#openstack-meeting log

18:04:00 <bdpayne> #startmeeting OpenStack Security Group
18:04:01 <openstack> Meeting started Thu Feb 14 18:04:00 2013 UTC.  The chair is bdpayne. Information about MeetBot at http://wiki.debian.org/MeetBot.
18:04:02 <openstack> Useful Commands: #action #agreed #help #info #idea #link #topic #startvote.
18:04:04 <openstack> The meeting name has been set to 'openstack_security_group'
18:04:17 <bdpayne> good morning / evening everyone
18:04:45 <bdpayne> I'd like to get started today with an update on the storage encryption work
18:04:50 <bdpayne> #topic Storage Encryption
18:05:09 <bdpayne> Anyone from Intel or JHU APL around to give an update?

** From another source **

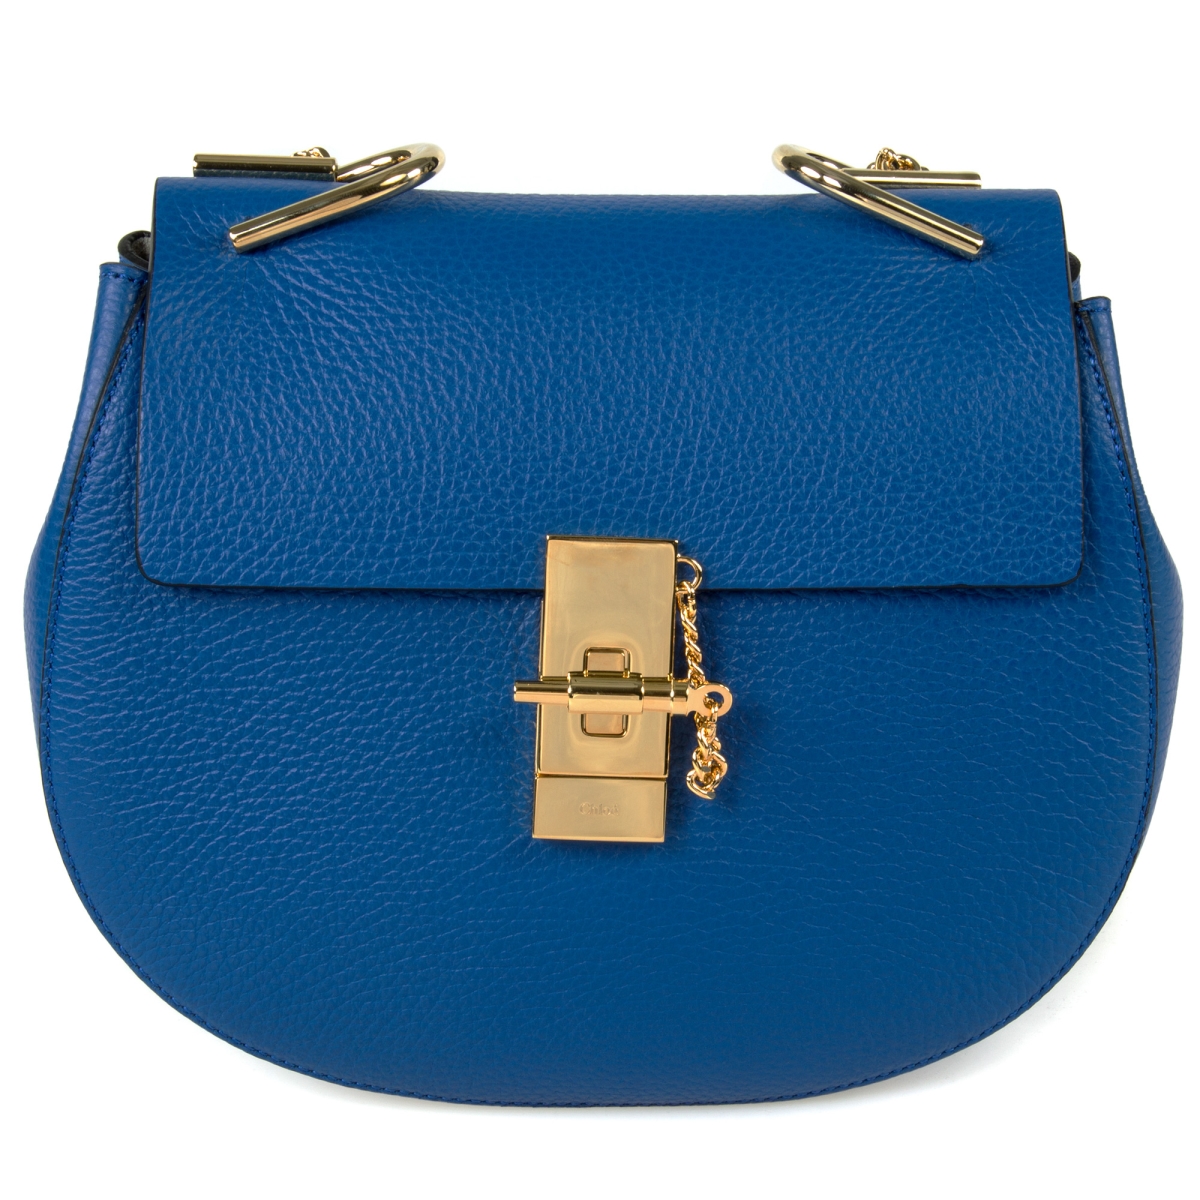 Chl-hbag-drw-blu-m Medium Drew Bag, Blue With Gold Hardware

18:05:31 <lglenden> yes, I'm here from APL
18:05:45 <rellerreller> The volume encryption blue print was rejected for Grizzly release
18:06:07 <bdpayne> ok, I saw some chatter about that… didn't know it was formal
18:06:15 <rellerreller> The change was a bit too big at the last minute to make Grizzly
18:06:29 <bdpayne> yeah, I know that is frustrating… but it does make some sense
18:06:38 <bdpayne> so, let's plan for how to get it into H?
18:06:39 <rellerreller> It's understandable
18:06:57 <rellerreller> But there is interest, and we are hopeful to make Havana
18:07:05 <lglenden> we were encouraged to lead a design summit session specifically for the blueprint, so that is what we are planning
18:07:17 <bdpayne> I think that's a good idea
18:07:29 <bdpayne> are you guys moving forward with setting that up?

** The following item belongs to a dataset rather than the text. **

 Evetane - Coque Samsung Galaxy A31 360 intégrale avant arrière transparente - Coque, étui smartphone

18:07:31 <lglenden> there will also likely be a second design session specifically for key management issues
18:07:36 <mtesauro> Please share that here if/when its setup.  I will attend.
18:07:47 <bdpayne> ditto
18:07:47 <rellerreller> The dev mailing list has some chatter about how to handle cloning and snapshotting if anyone is interested in that
18:08:37 <bdpayne> ok, sounds good
18:08:53 <bdpayne> I think that this will give us a little more time to "get it right"
18:09:09 <bdpayne> if you guys need help with coding stuff post-summit, then please make an ask here with OSSG
18:09:22 <bdpayne> I suspect that there are people around that can help with pieces, if desired
18:10:40 <bdpayne> ok, so I guess we can move on to some of the documentation efforts
18:10:50 <bdpayne> #topic Hardening Guide and OSN
18:11:08 <bdpayne> the LXC OSN has been a slow process ;-)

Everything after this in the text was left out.